- Thomas Huey Farm
- U.S. National Register of Historic Places
- Location: 10492 Big Bone Road, near Union, Kentucky
- Coordinates: 38°55′44″N 84°43′20″W﻿ / ﻿38.92889°N 84.72222°W
- Area: 1.8 acres (0.73 ha)
- Built: 1865
- Architectural style: Gothic Revival
- MPS: Boone County, Kentucky MPS
- NRHP reference No.: 00000900
- Added to NRHP: August 24, 2000

= Thomas Huey Farm =

Historic home in Kentucky, United States

Thomas Huey Farm is a registered historic place in Big Bone, Kentucky.

It is a Gothic Revival house, built in 1865, according to family history. It is a 1 1/2-story brick structure with a three-bay facade. It incorporates a central entrance with side-lights, and a transom window with Italianate brackets. It has been called the "Old Brick" from time immemorial. The brick house behind the building has long been called the "slave quarters", and Thomas Huey owned half a dozen slaves; however none of them ever lived here, as the house was built after the war was over. It was placed on the National Register of Historic Places in 2000.

According to family legend Mr. Huey, who was born at Big Bone, in 1805, buried his money, all gold and silver, in a great chest before the war. He dug it up after the war and used the money to build the house. Burying money is a very common story, though it is common because so many people actually did it; in this case it may or may not have actually been so, but there can be little doubt that many people probably did bury their money before or during the war with so many rascally Yankees about.

A great-granddaughter purchased the house in the 1930s and lived there for years.

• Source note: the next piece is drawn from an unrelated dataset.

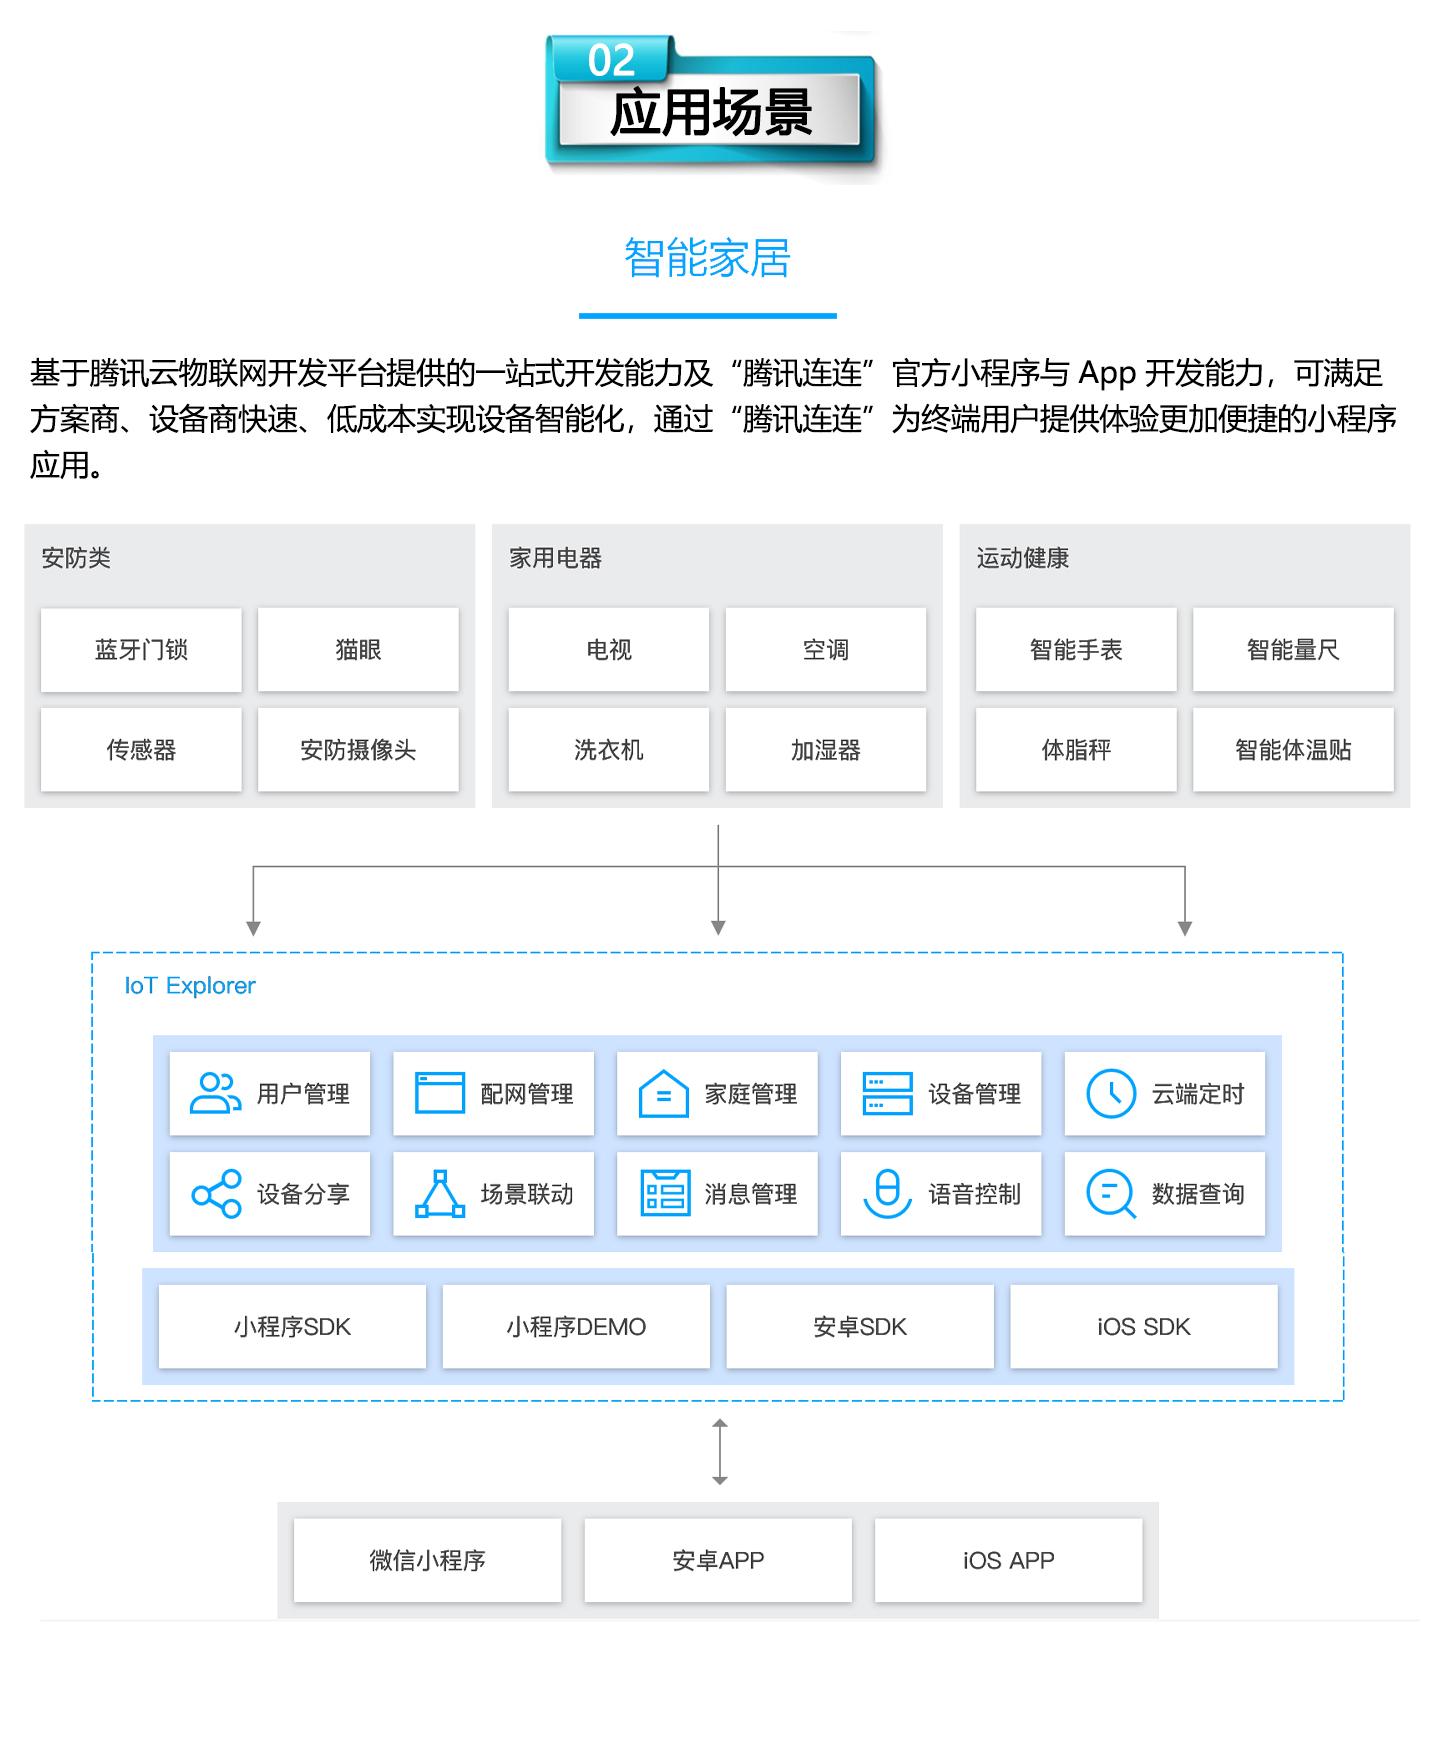 物联网开发平台-IoT-Explorer-1440_03.jpg
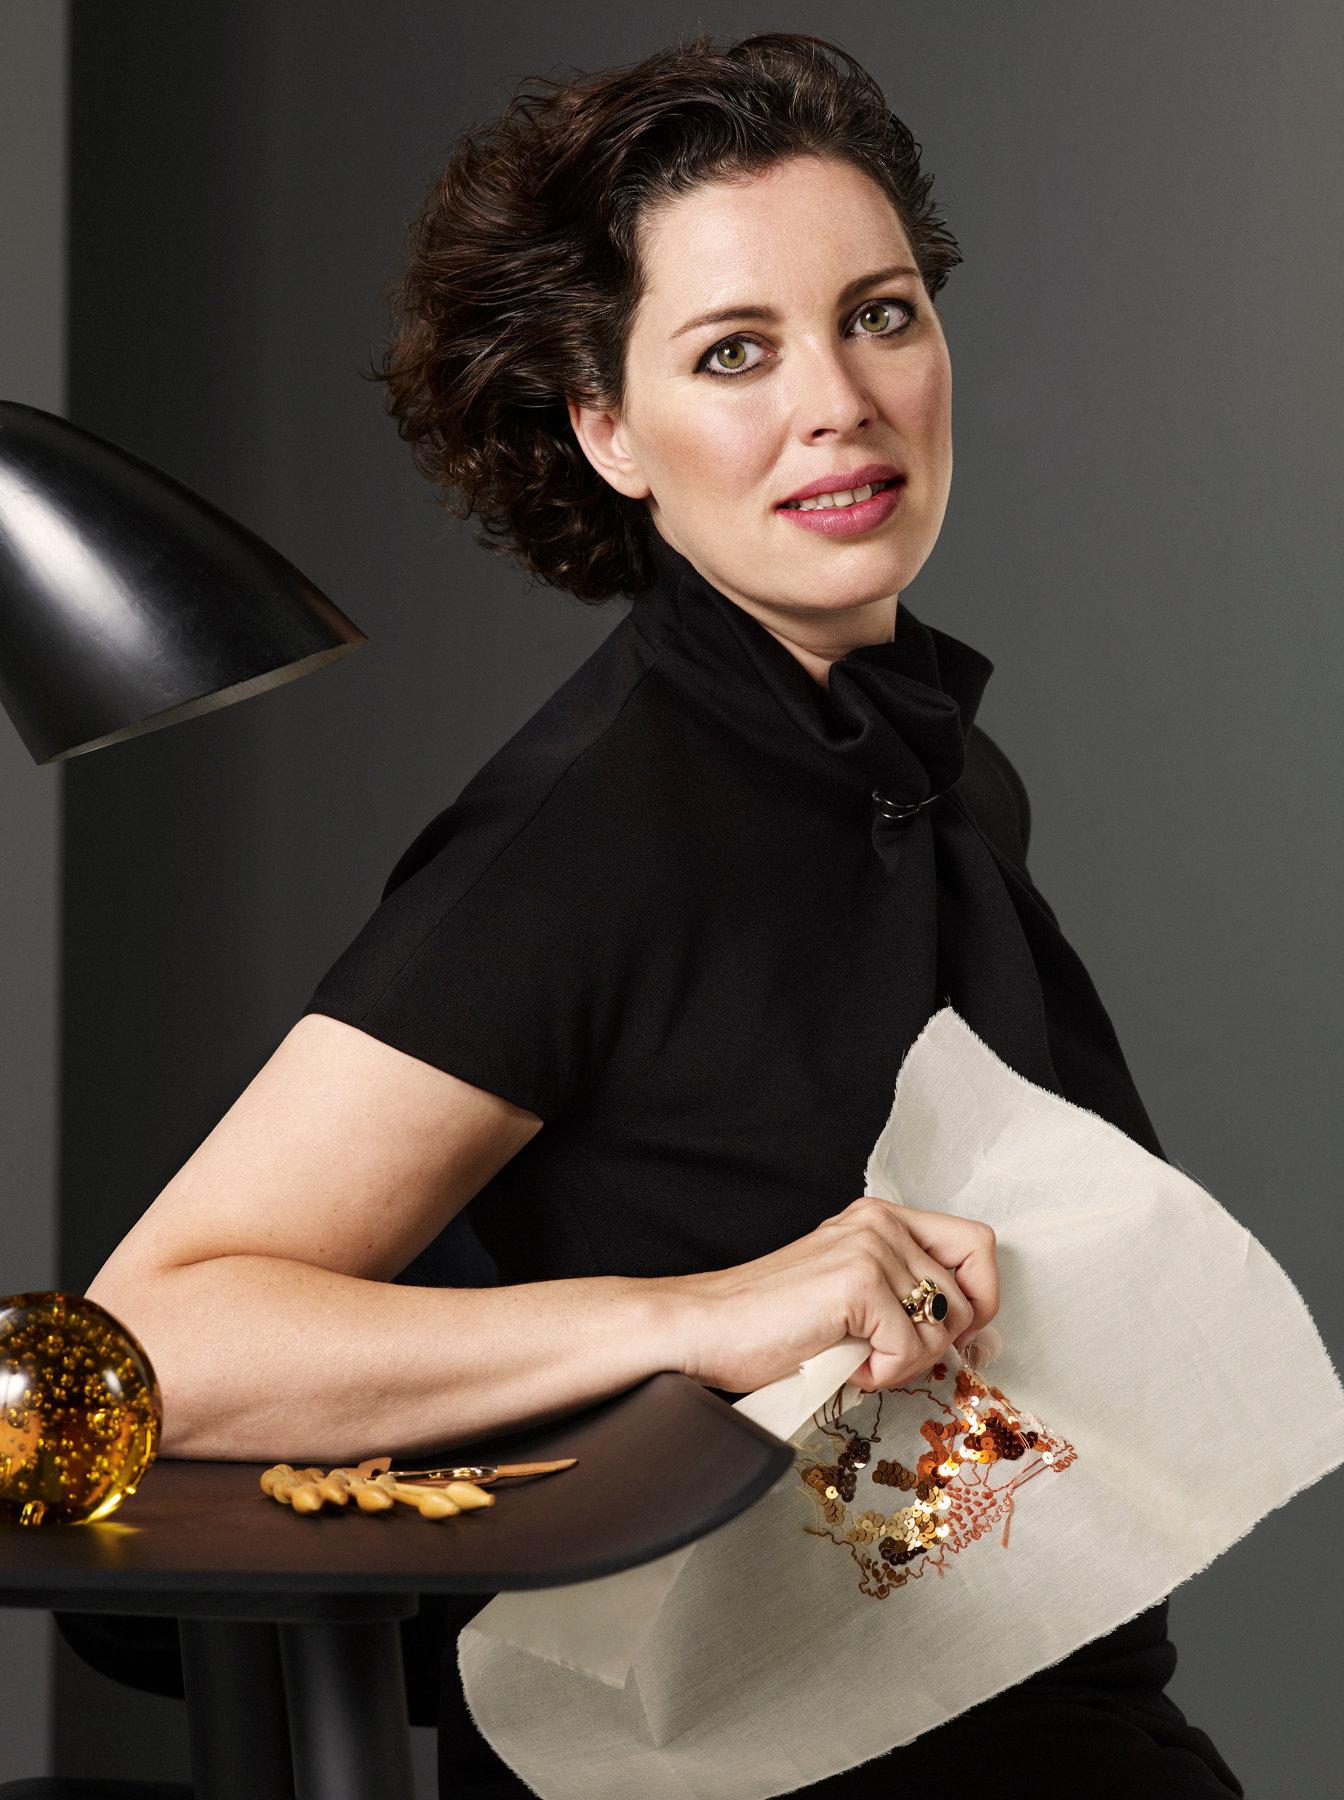 Martine van t Hul for Harpers Bazaar NL

She (and many of the other members of the family) claimed the house to be haunted. She engaged in lengthy on-again-off-again shooting duel with her sister, who lived across the road, and it is possible the family ghosts left during her tenure. According to this occupant, she could "hear grandma chasing great-grandma through the attic at night." This is supposed to have been the result of the two women being frozen to death in the attic by a wicked in-law. It is unusual, according to Kentucky historian (and "ghostwriter") Professor Lynwood Montell, but not unheard of, for two ghosts to reside in the same Kentucky house.

People who have moved into the area not knowing the old story have told me that from observation they believe the house is haunted. They were very interested, of course, to hear confirmation of a conclusion they had arrived at independently.